CHART-ADAPT - Version 1

  • Research type

    Research Study

  • Full title

    Connecting Healthcare and Research Through A Data Analysis Provisioning Technology (CHART-ADAPT)

  • IRAS ID

    166504

  • Contact name

    John Kinsella

  • Contact email

    john.kinsella@glasgow.ac.uk

  • Sponsor organisation

    NHS Greater Glasgow and Clyde

  • Duration of Study in the UK

    1 years, 3 months, 1 days

  • Research summary

    The increasing digitalization of healthcare in fields such as Critical Care has led to the development of technology that is able to collect and store vast amounts of complex patient data. This data is valuable as it can be used to create important physiological models which can inform clinical practice.

    The aim of this project is to develop innovative prototype software which will enable these models and analyses to be implemented quicker into clinical practice. This will provide the basis for better treatment and more cost­ effective healthcare by closing the loop between clinical research and practice. This will be achieved by:

    1) Enabling the extraction of high frequency patient data from in-­hospital patient monitoring equipment.

    2) Annonymisation of the extracted data.

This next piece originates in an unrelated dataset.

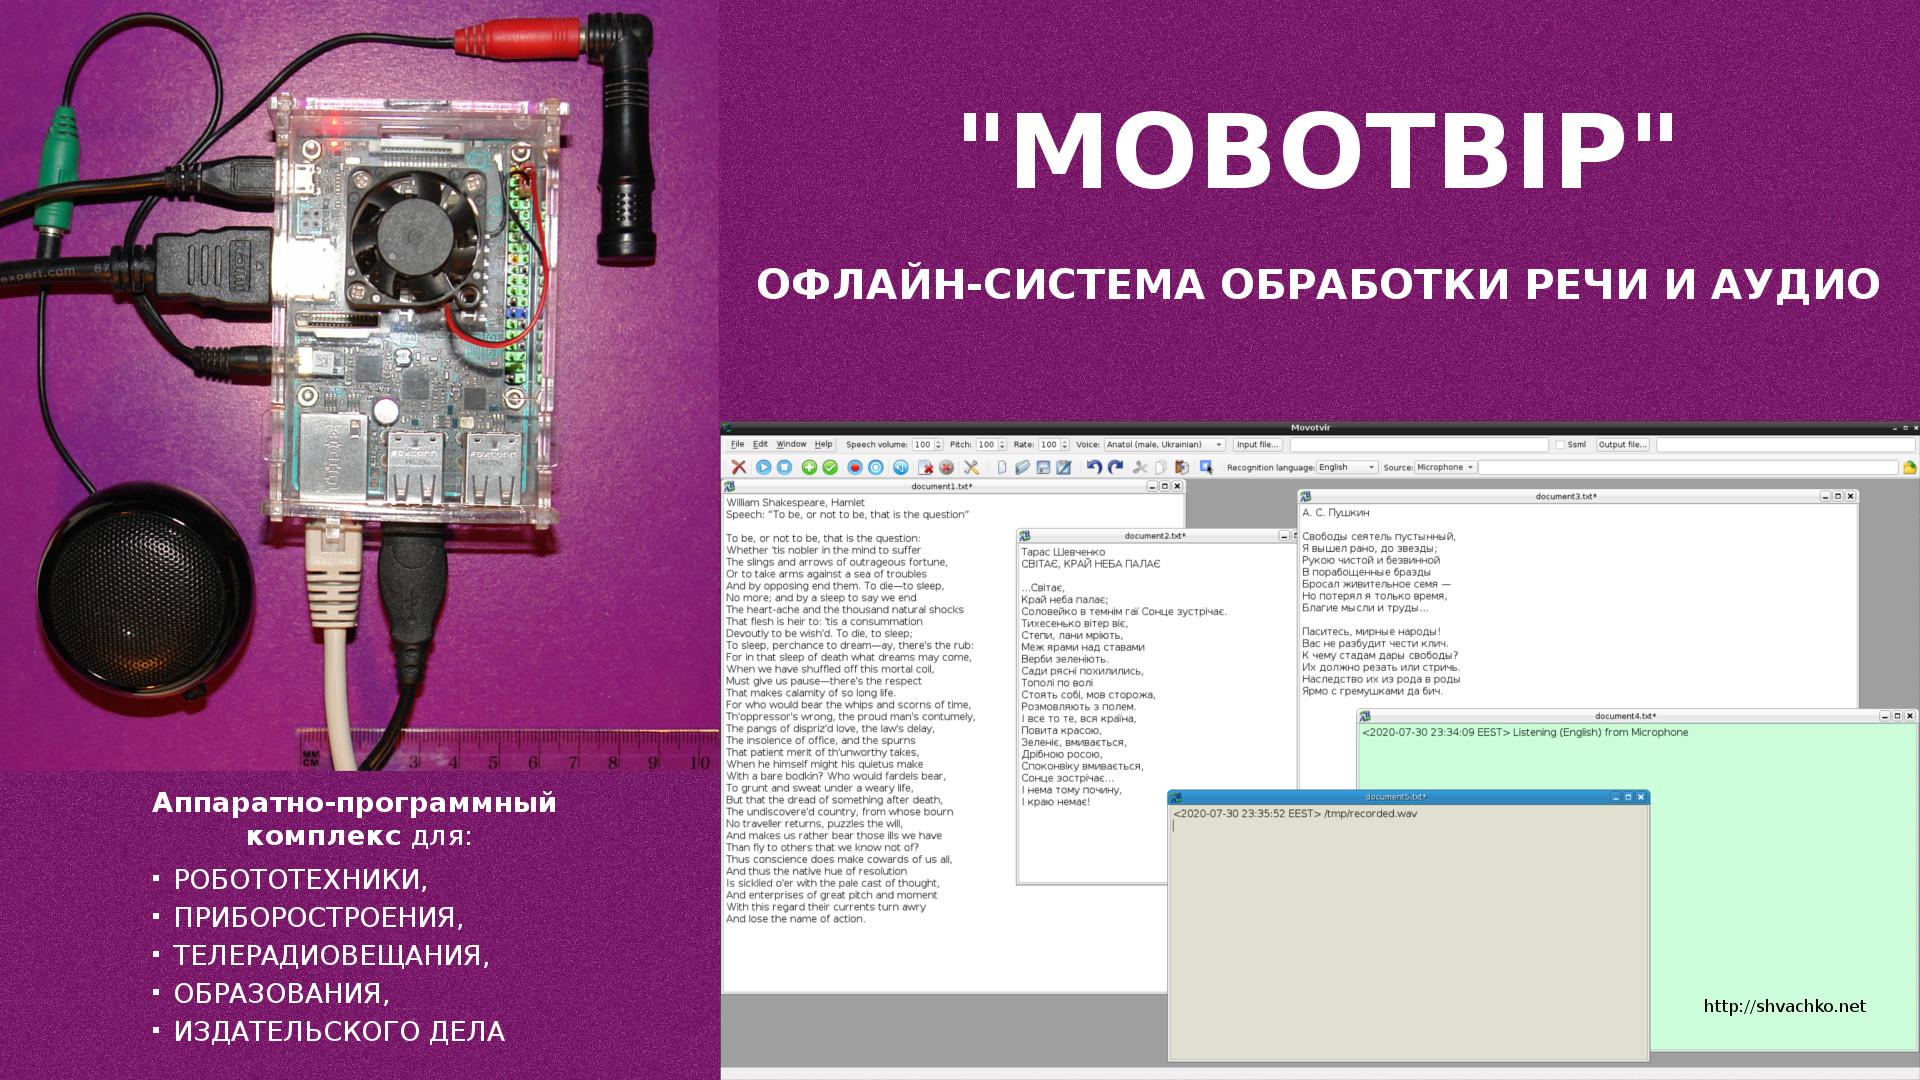 Система обработки речи и аудио _Мовотвір_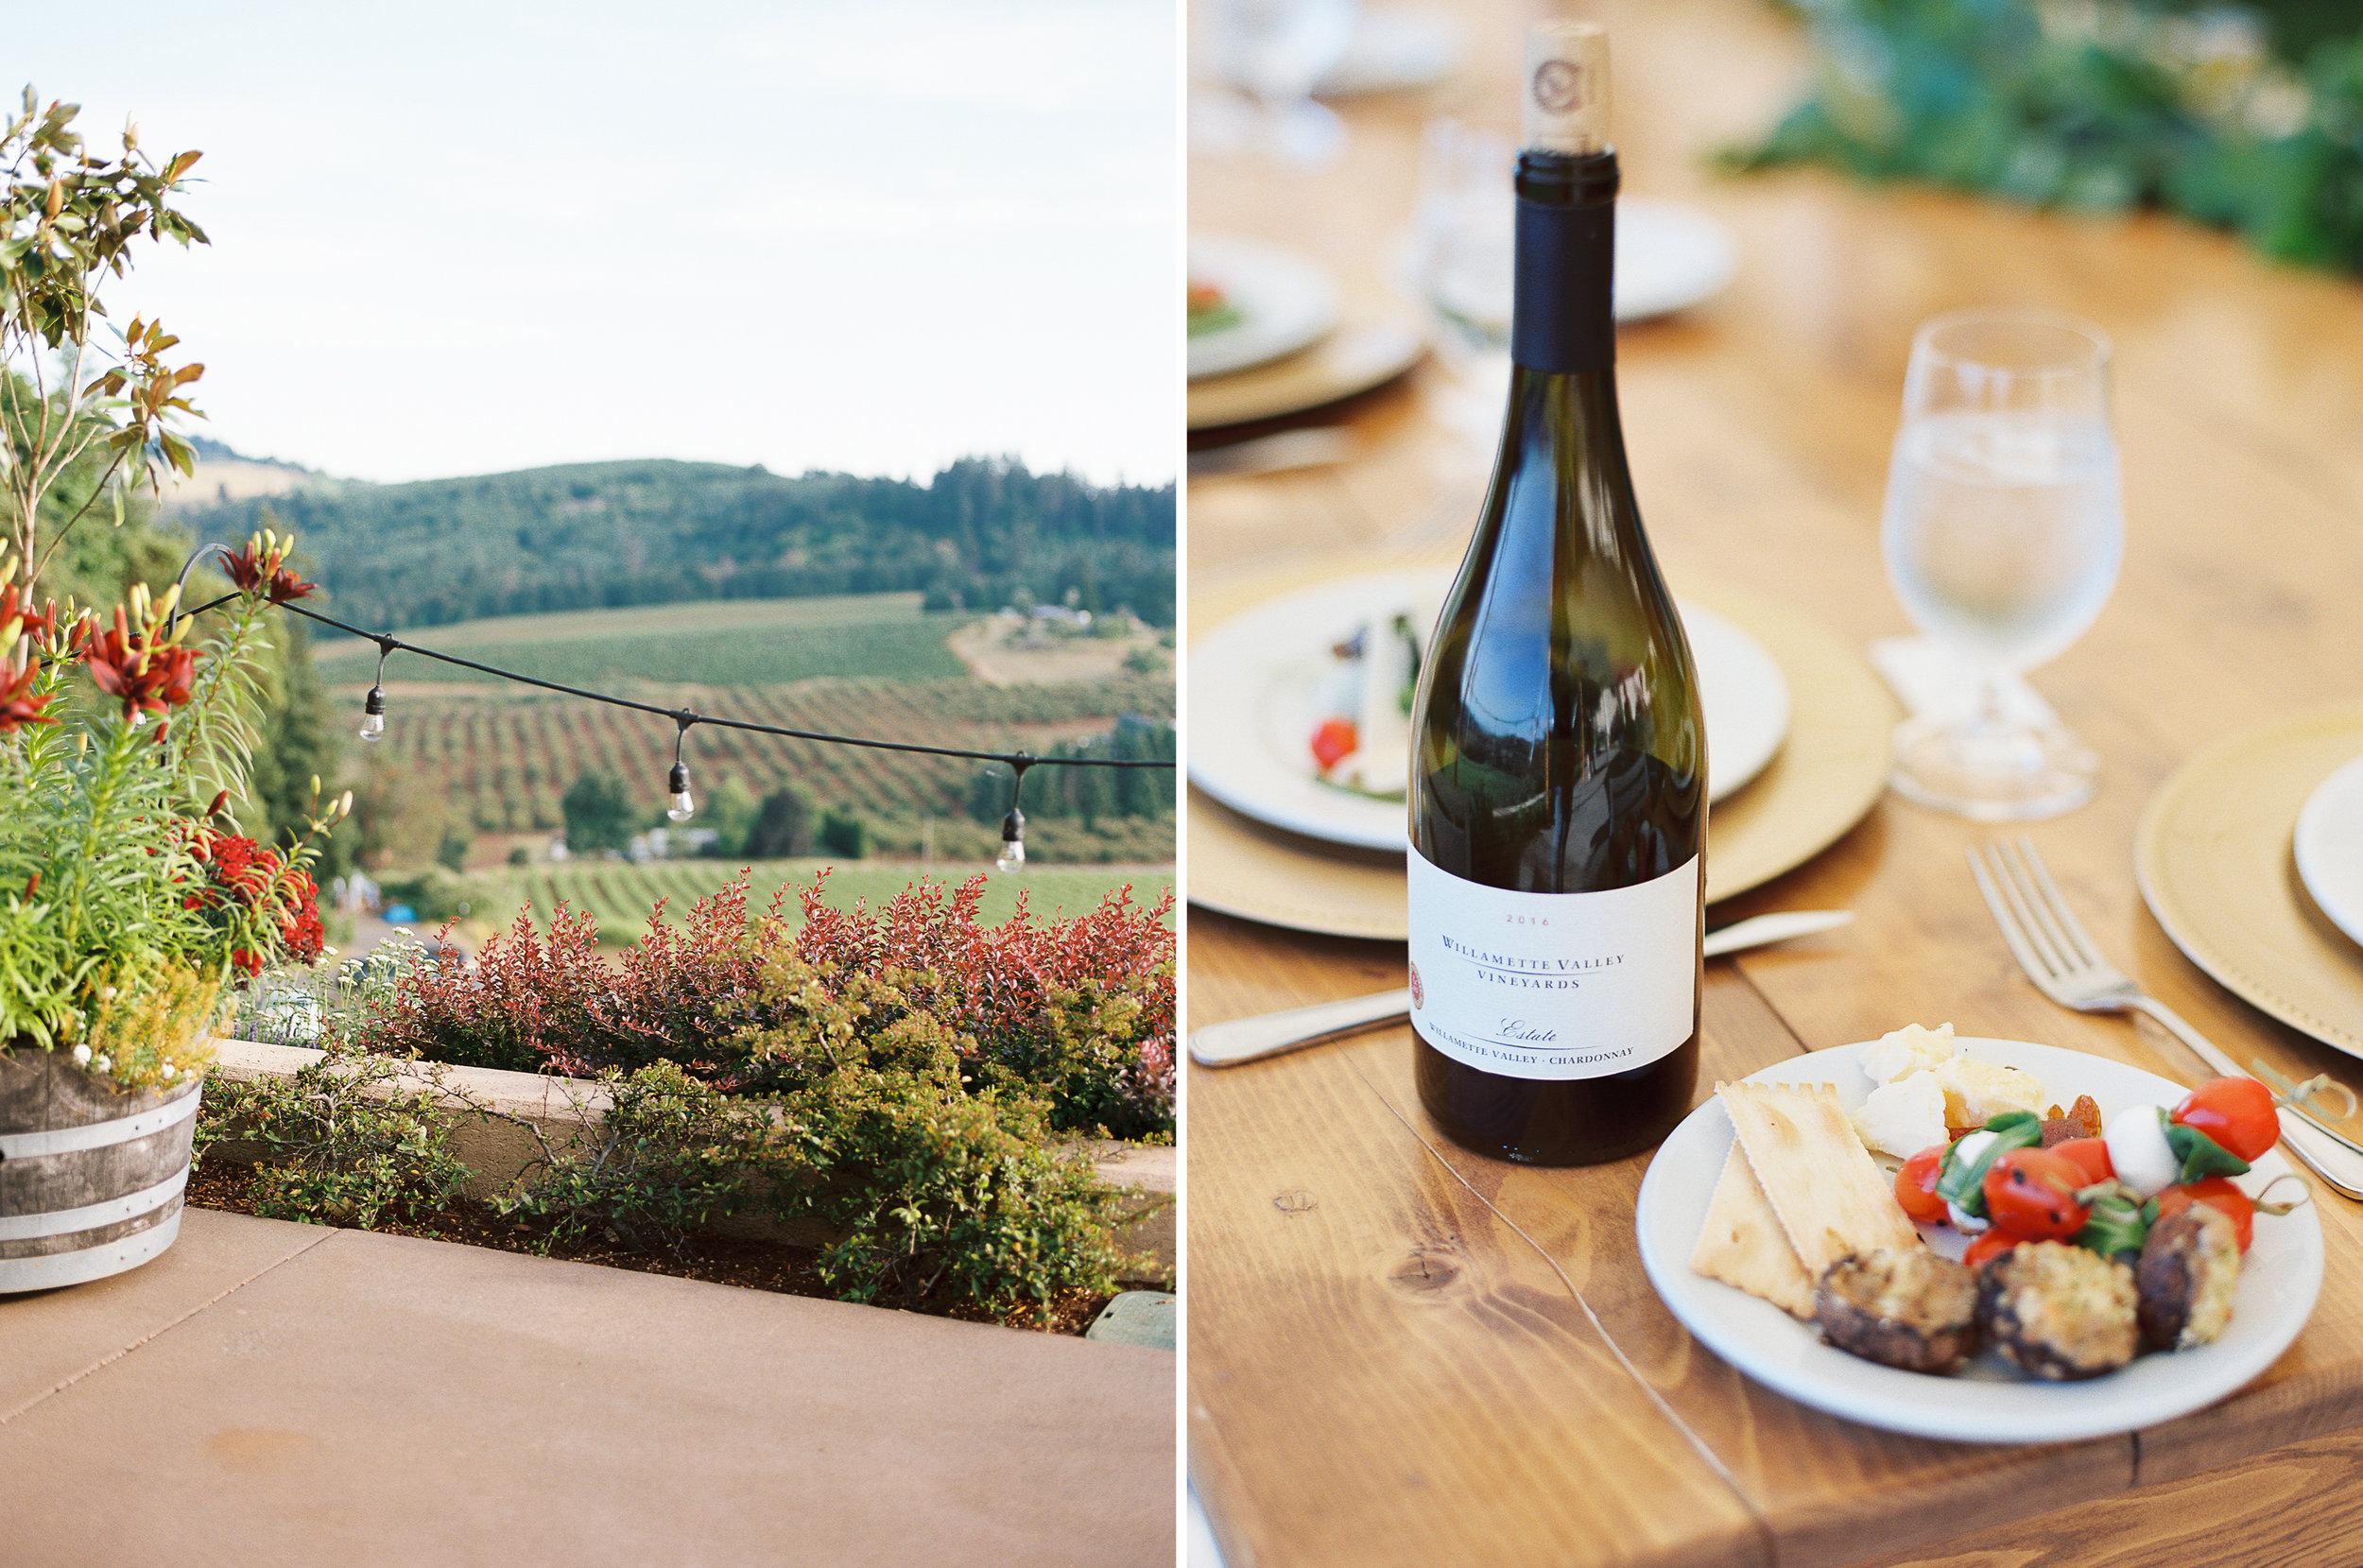 romantic-willamette-valley-vineyard-wedding-16.jpg

    3) Linking a data exploration platform to a high performance data analysis platform thus allowing rapid application of clinical analysis algorithms and the integration of "Apps" to enable clinicians to control the analysis.

    4) Delivery of the results of analyses back at the patient bedside. These results will not be visible to the staff caring for the patient and will not influence patient treatment.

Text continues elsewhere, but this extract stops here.